Commercial property owners should be prepared to fight excessive property valuations and to ensure they're not over or under-appraised when their buildings are facing the shock of a one-time black swan event, Ryan's tax experts said. 

Hard-hit sectors like retail and hospitality will probably have to rely more extensively on outreach to local administrative authorities and tax assessors to get their values right, Ryan principal Brad Wallace said.
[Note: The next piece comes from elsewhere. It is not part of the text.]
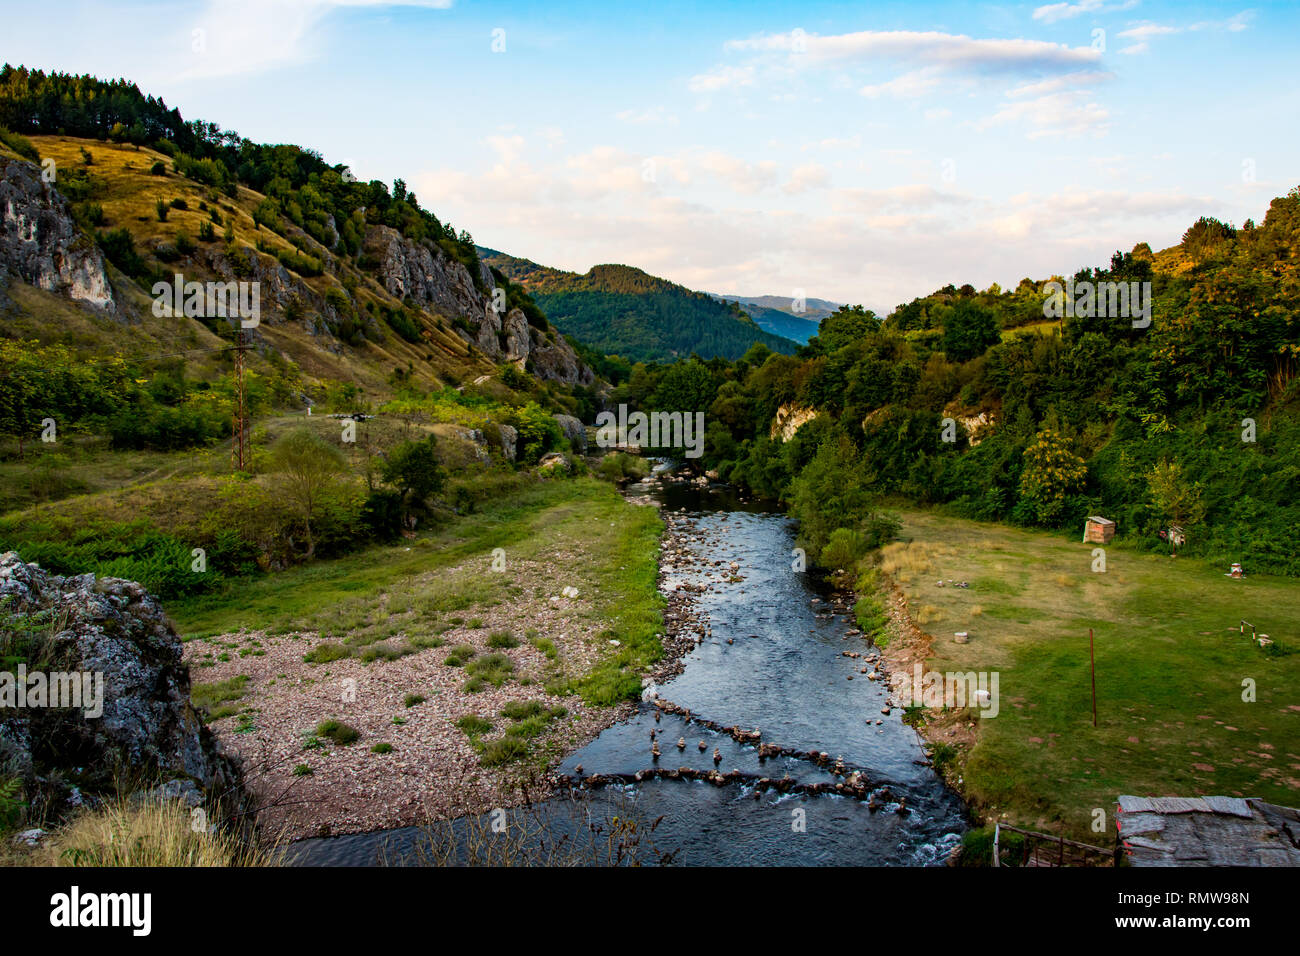 Temstica oder Topli tun Fluß auf einem alten Berg (Stara Planina), in der Nähe von See Zavoj, von dichter Vegetation und Wald umgeben. Stockfoto

"As an owner in the hospitality space, you are very well within your rights to expect an adjustment in your overall tax liability across your portfolio," Wallace said. "You just have to be specific on your expectations and dial in on the local codes and landscape to form your conclusion." 

In at least one state, Wallace has already witnessed taxing authorities assenting to different commercial property values to reflect the reality of the real estate's value in the wake of the pandemic. 

The best way to do this is to ensure owners are tracking critical interactions with tenants and preparing to possibly bring this information to the forefront in any type of tax appeals process, Orloff added. 

"The biggest thing I tell my clients is to document what happened and when," Orloff said. "The more you can prove how long you were closed or when you found out about bankruptcies or defaults ... the more documentation and sturdy history you can give to a tax person."